Revisiting the block worlds stuff
Accidental Noise Library Perlin cube random
In revising the ANL, I've revisited some of my old projects. Today I did up another example Lua script, included in the Examples folder, called blockworld.lua. It's a remake of my old cube-world generation stuff, demonstrating how a complex function to assign block types for a cube terrain can be built up using ANL's modular pieces. The example follows pretty closely along with my original articles, although it is updated for the new library version.
Since ANL is just a Lua framework, with no in-built graphical capabilities, visualizing such a beast as a cube world isn't straightforward. The example script constructs the noise function, maps it to a voxel array, then iteratively constructs meshes for each of the block types using the Volume functionality, built atop PolyVox. It then dumps the meshes to .OBJ format files. The script generates chunks of the function, specified by chunkx and chunkz coordinates, so the world is essentially infinite (at least to the limits of double precision).
The function isn't sophisticated. It shows strata layering using a distorted vertical gradient, ore deposits, caves with the lower levels filled with magma, a solid bedrock layer, etc... There is no large-scale variation in the distortion function, such as you might want to use if you are generating different kinds of biomes and geography; it just uses a simple fBm fractal with some slight vertical axis dampening to reduce the frothy distortion that can result in floating islands of terrain. Here are a couple shots of it in action:
I don't do much with this sort of generation. I don't really have any interest in building a Minecraft clone, for example. My interest is purely academic, a fascination with procedural world-building in general. Every time I tinker with this kind of thing, I am reminded how my library is actually kind of slow. This example script does a lot of stupid shit with copying and recopying buffers, iterating voxel arrays multiple times, not cacheing some values, etc... It could be faster, but even if I squeezed it as tight as I could it would still be somewhat slow.

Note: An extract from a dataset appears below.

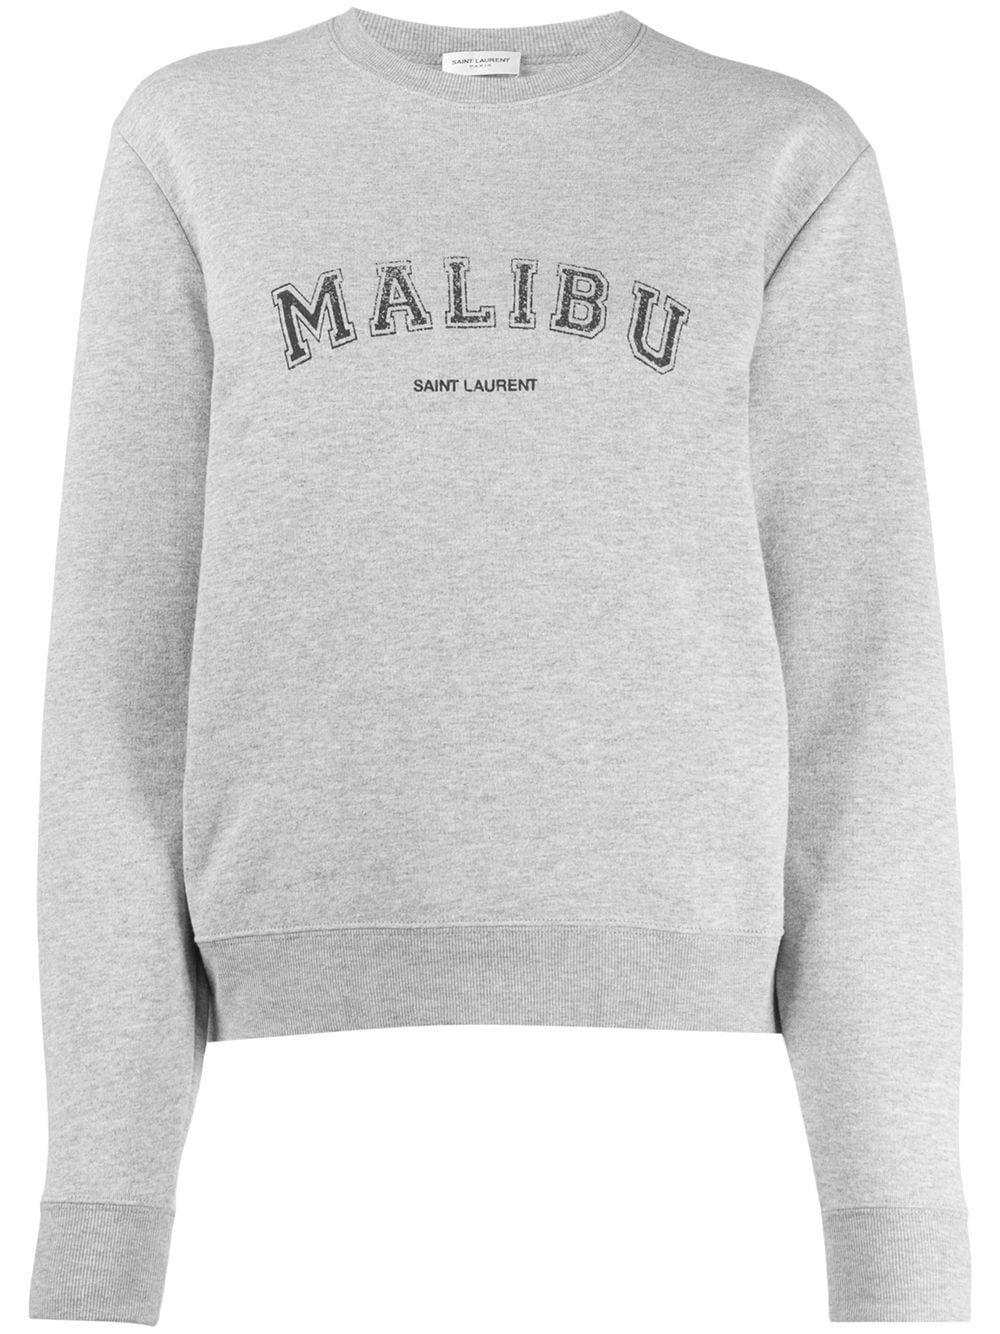 Pin By Aisha On ملابس In 2021 Crew Neck Sweatshirt Sweatshirts Saint Laurent [ 1334 x 1000 Pixel ]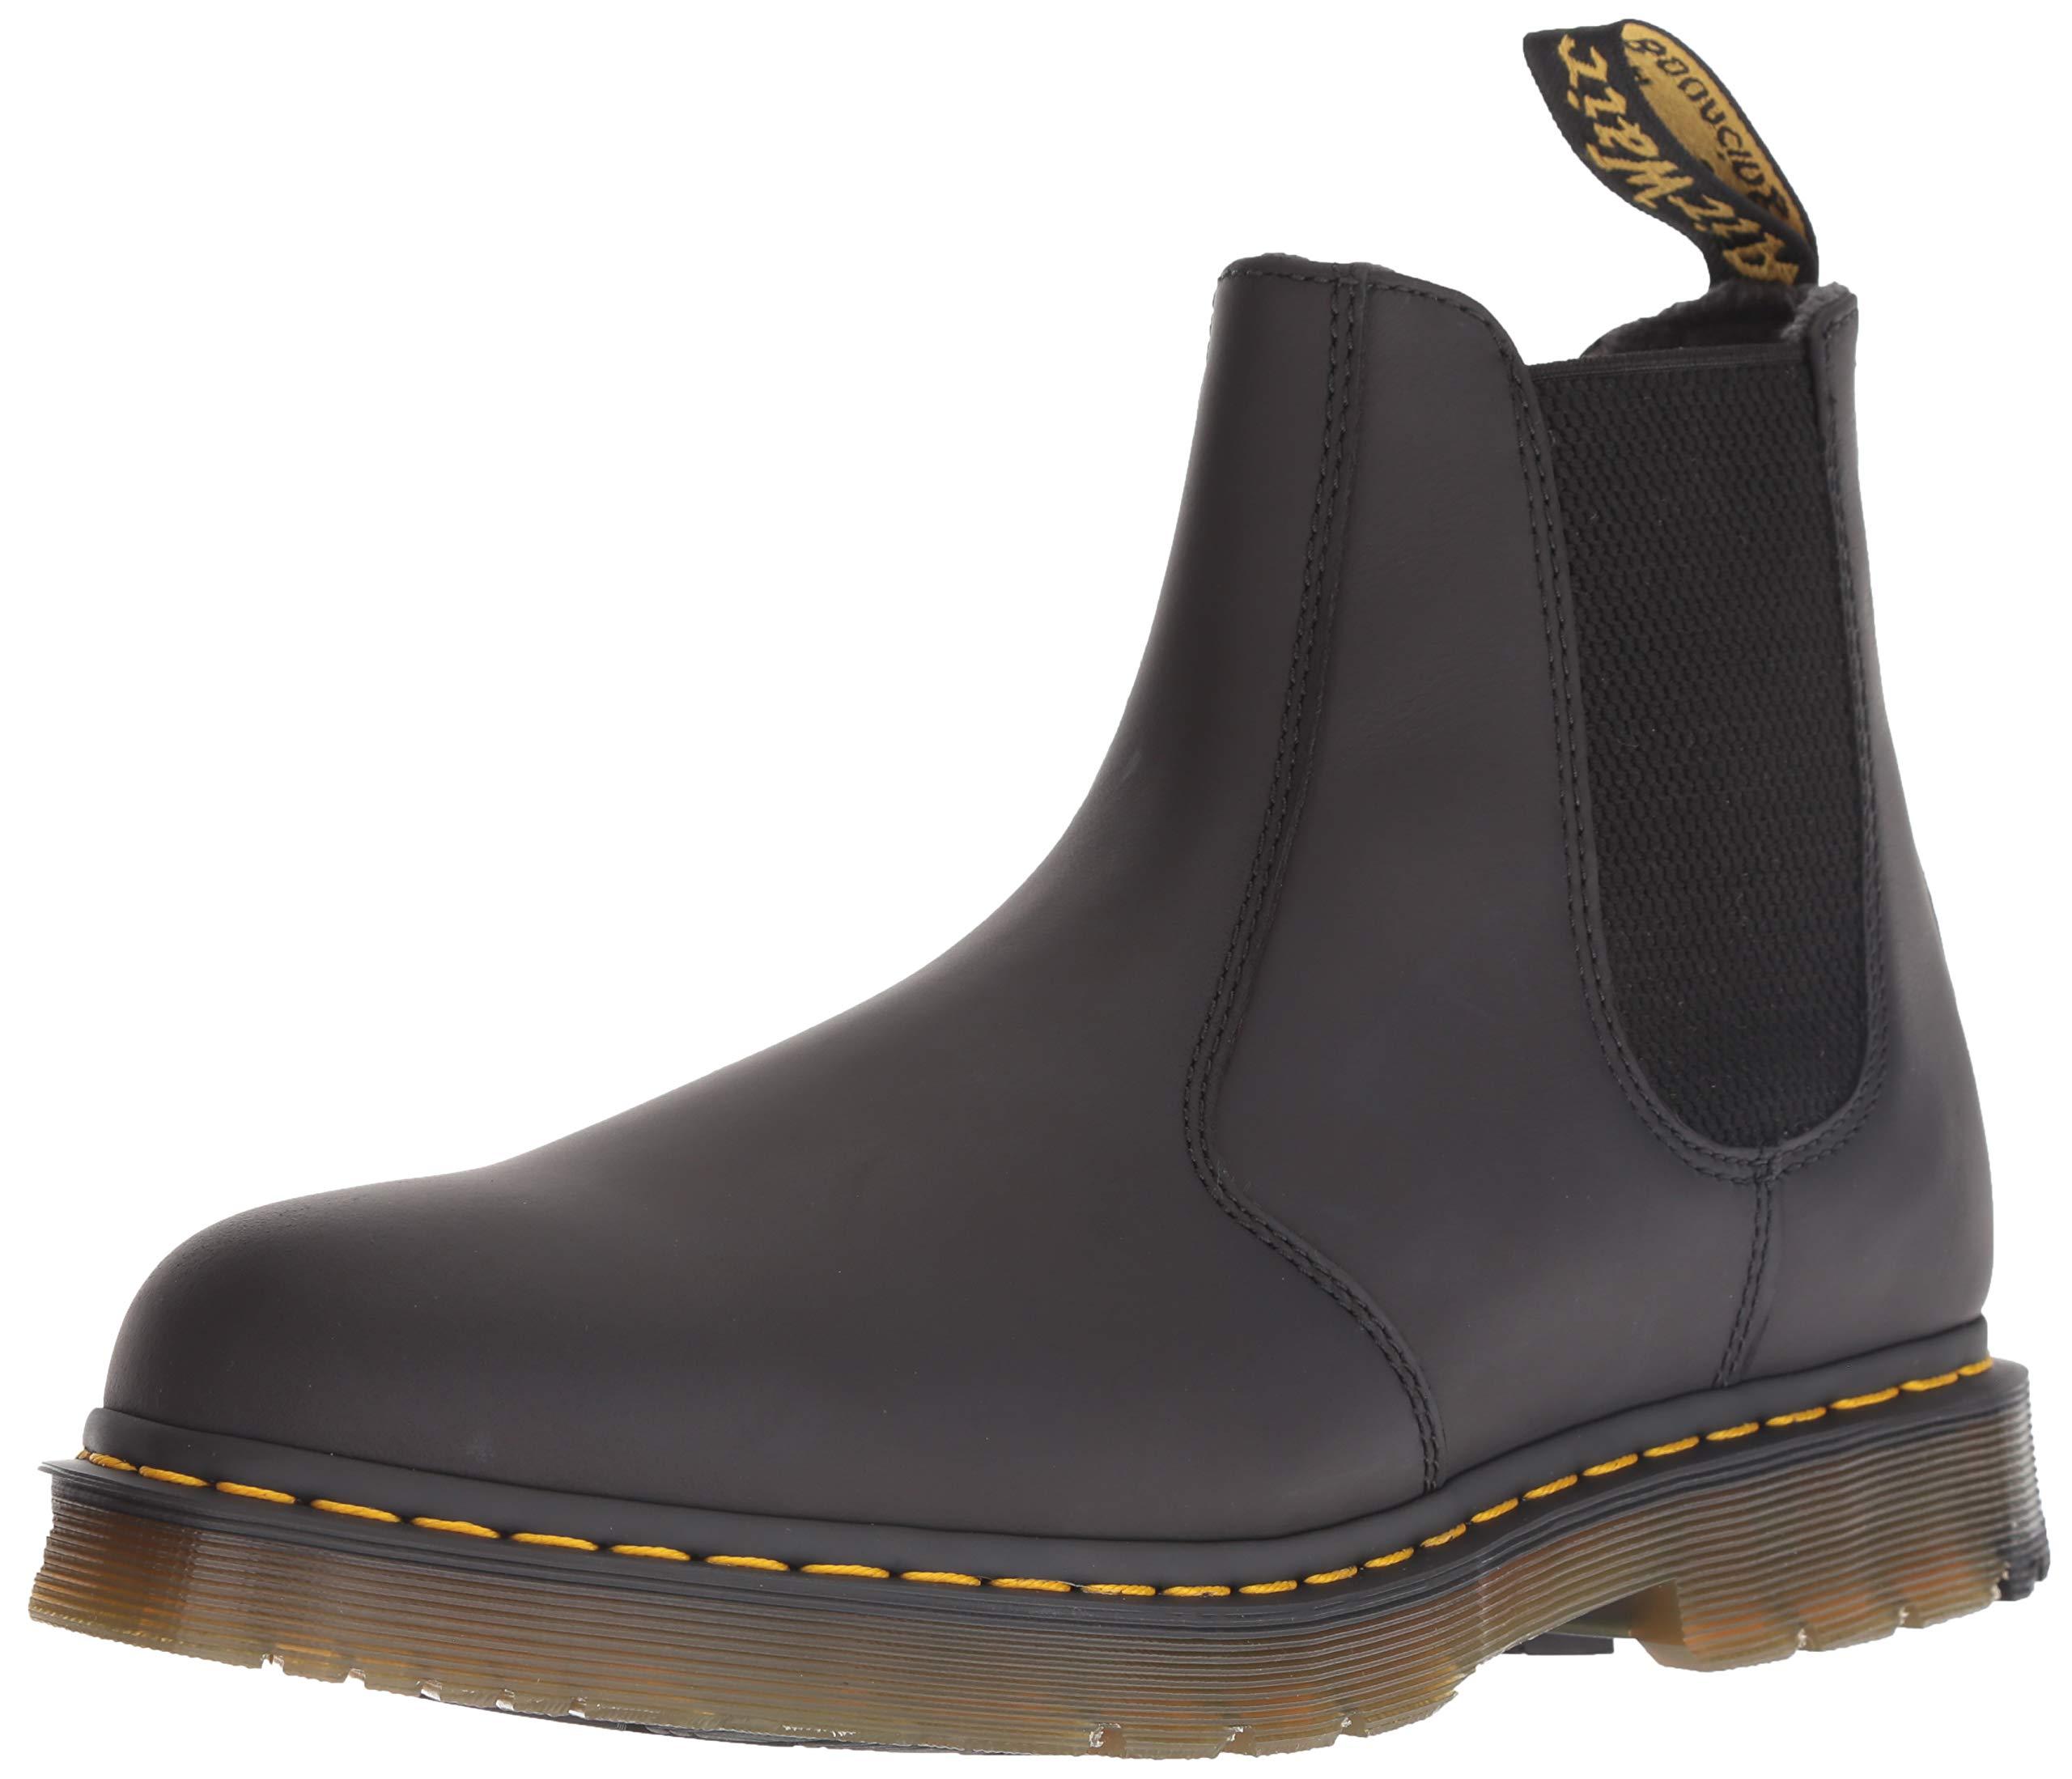 Dr. Martens Men's 2976 Snow Boot, Black, 6 Medium UK (7 US)

I've always been a concepts guy. I have ideas for things I want to tinker with, I build a tool or a prototype to demonstrate it, I move on. I've spent a good bit of time on ANL, mungeing things around, re-organizing, etc... but I've never been very good at optimization, and so ANL has never really been tightened up. But lately, I've been thinking about how I can make things faster.
To start with, it seems like learning about SSE might be a good place to go. This sort of function wrangling is pretty computation-heavy (especially when dealing with the higher orders of noise; ANL does up to 6D noise, which can be slow as balls) so I'm thinking that between implementing many of the computations using SSE intrinsics and trying to take advantage of multiple cores, I might be able to squeeze some better juice out of this thing. I don't know how much time I'll be able to devote to it for now, but I'll probably at least start reading a few sources to learn the ins and outs of SSE to see if it's something I could pull off.